- А второй фронт? - шепотом спросил Этьен.
- Ничего не слышно.
- Рано или поздно ваши высадят десант. Но, видимо, Черчилль считает, что русских перебито еще слишком мало.
Англичанин промолчал.
В комнате, где допрашивали Старостина, валялись на полу окровавленные тряпки, их нарочно не убирали. Допрашивал штурмбанфюрер со значком за тяжелое ранение; значок позолоченный, с лавровым венком и скрещенными мечами. Когда штурмбанфюрер выходил из-за стола, то сильно пошатывался, и не только из-за хромоты.
Допрос был торопливый, переводчик не потребовался. Старостин отвечал по-немецки. После того как штурмбанфюрер узнал, что оберст находится в плену с начала войны, а на фронте занимался противогазами, немец состроил презрительную гримасу, безразлично отвернулся и скомандовал: "Увести назад, в камеру".
И надо же было так случиться, Старостину предстояло возвратиться в камеру под конвоем Карузо. Как он тут очутился? Ведь на допрос его привел другой надзиратель.
Когда шли тюремным двором - Этьен чуть впереди, Карузо следом, конвойный вдруг ускорил шаг, поравнялся с конвоируемым, повернулся к нему и сказал:
- Я тут подумал... Джильи все-таки прав, когда "Плач Федерико" из второго акта заканчивает чистым си. Здесь так и просится драматическое, напряженное крещендо.

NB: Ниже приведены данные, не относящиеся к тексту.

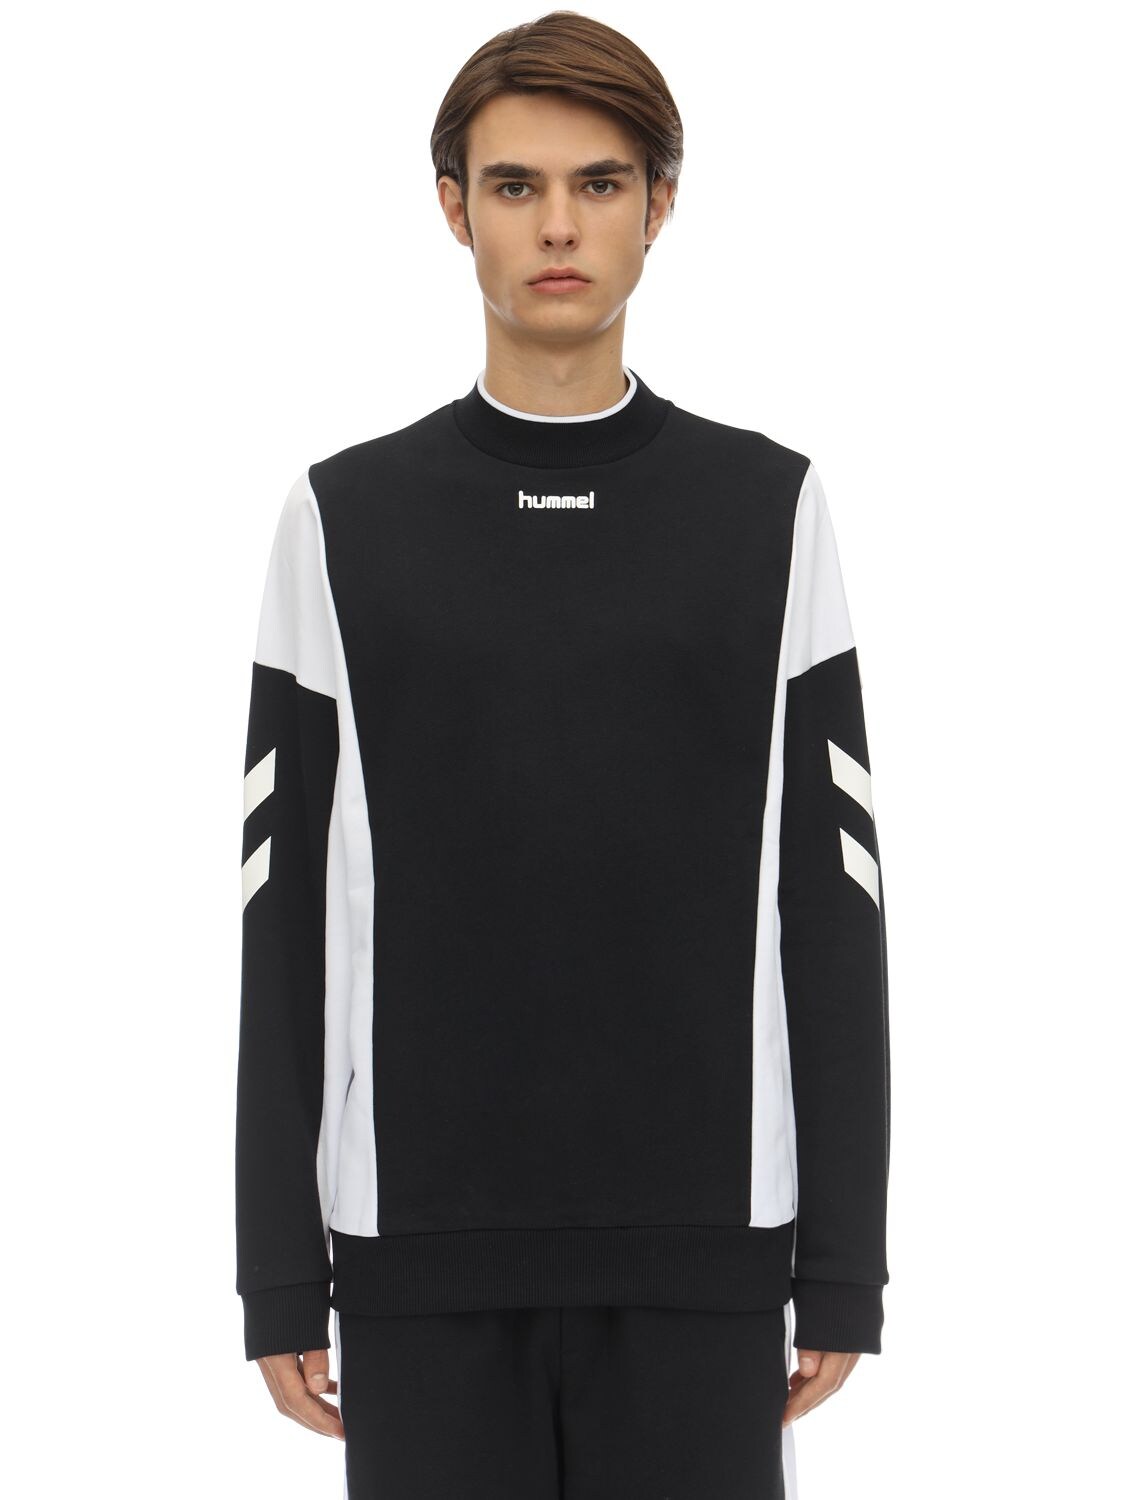 Hummel Claus Cotton Jersey Sweatshirt In Black,white

Это же кульминация всей оперы!
- А я по-прежнему считаю, - неторопливо, сдерживая сердцебиение, ответил Этьен, - считаю, что певец должен строго придерживаться партитуры. Даже Джильи не имеет права вносить свои поправки. Украшать арию выигрышными нотами! А для чего? Только для того, чтобы еще раз вызвать овацию слушателей!
- А какая была овация! Браво, брависсимо!! - Карузо оглянулся и добавил шепотом, будто поверял самую большую тайну, какой только предстояло стать известной заключенному на все триста лет существования тюрьмы: - Я слушал Джильи в "Арлезианке". Третьего декабря сорок первого года. Какая премьера!.. А насчет чистого си в "Плаче Федерико", когда он поет: "Ты столько горя приносишь мне, увы!.." - будем считать, что каждый из нас остался при своем мнении. - Карузо вовремя умолк: мимо прошагали двое заключенных, они пронесли на носилках труп со связанными руками. Спустя минуту Карузо добавил: - Желаю вам, синьор Кертнер, навсегда потерять меня из виду. Наша третья встреча будет, пожалуй, лишней. Тогда австрияк, теперь русский... Скажите по секрету, с кем я буду иметь дело в следующий раз? - Карузо глубоко вздохнул. - Впрочем, в третий раз вы меня здесь не найдете...
123
Ночью колонну арестантов гнали через безлюдную, притихшую, затемненную Вену. Мигали карманные фонари конвойных. Или ночью конвойных больше, чем днем, или каждый движущийся светлячок бросается в глаза? Так или иначе, колонна двигалась, густо оцепленная мерцающими огоньками.
Эшелон разгрузили на задворках Южного вокзала после полуночи, потом часа три топтались на аппеле, потом разбивали на группы, потом опять пересчитывали арестантское поголовье.
В разворошенной памяти Этьена все отчетливей возникали знакомые когда-то перекрестки, и он быстро сориентировался в городе. За спиной у него, неподалеку от Южного вокзала, на тихой Райзештрассе, осталось советское посольство. Этьену и в Вене не пришлось побывать в посольстве, но в давние времена он не раз проходил мимо.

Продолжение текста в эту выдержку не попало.